I know from experience how easy it is to keep on polishing and tweaking a favourite book. Thorough editing and proofing are important, but if you let them become an end in themselves then the book will never be finished.

Self publishing can let you set your own short-term deadline, and then, as Ali says, move on to the next book. If you're any kind of writer t all there will always, be a next book clamouring for your attention.


7:33 PM  
Anonymous Anonymous said...

I know that some people like the video and others don't. I would point out that it was filmed in somewhat adverse conditions (very windy) and therefore we couldn't do it as I'd hoped (spoken to camera) and had to add a voice over later. I'd also hoped we'd walk onto the fossil beach but the camera was larger than I expected and not very portable, so we had to stay near the Cobb and try not to look like a scene from French Lieutenant's Woman. But big thanks to Nomad and the team for filming.

9:37 PM  
Anonymous Anonymous said...

hi Gyppo,

I'm glad you got what I was meaning re self-publishing - so hopefully others did too. And in case they didn't, I'm not suggesting that we should self-publish less than perfect books. But there comes a point where all that tweaking is not improving the book but trying to second guess a publisher or agent's preferred style.

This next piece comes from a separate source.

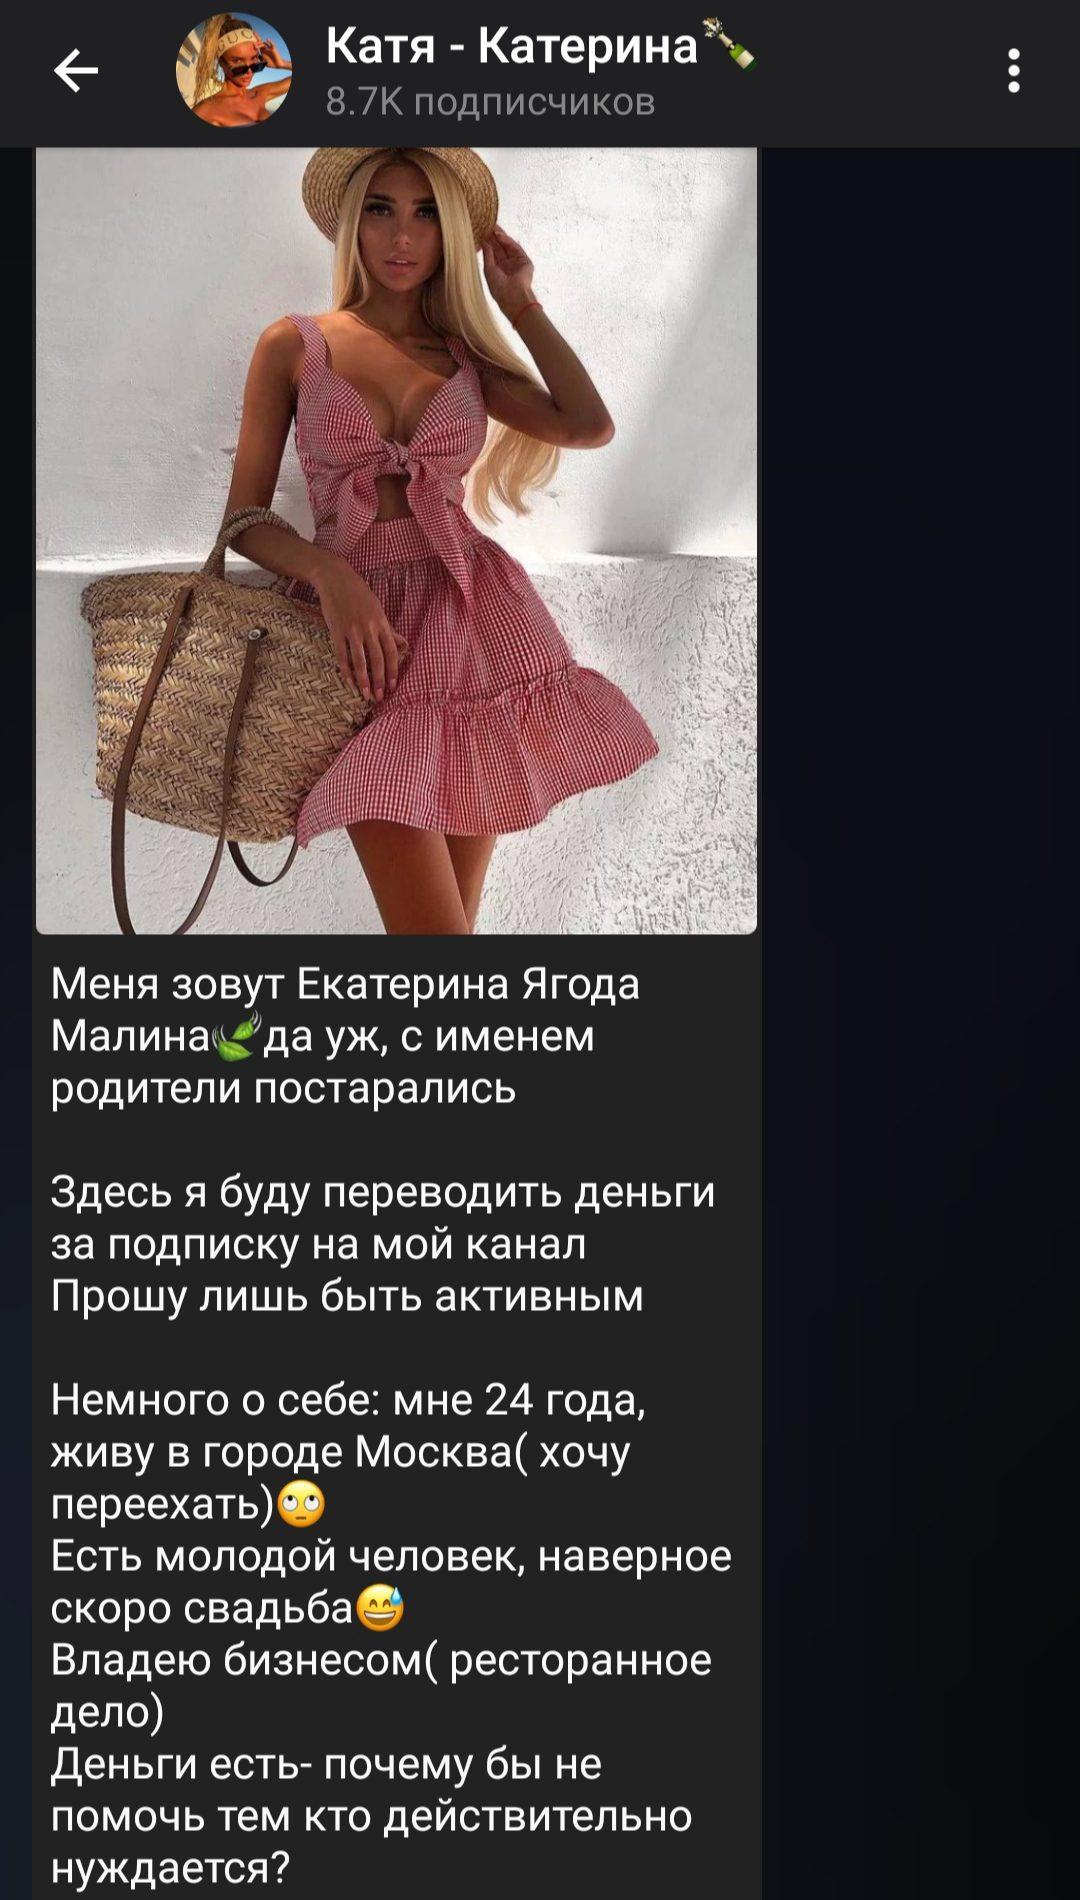 Аккаунты-клоны Катя-Катерина Телеграм

Another related point I didn't mention in the interview is the fact that I believe that a book is set in place and time. By this I mean that the way it is written reflects the way the world is at that time and the way the author perceives the world. A year or two later, the world has changed and so has the author's view of it. Even if you are writing something historical, the way you interpret it will be affected by the way you see the world now.

And this is another reason to move on from a book. Because each time you go back to it there will always be something you perceive differently and feel a need to alter.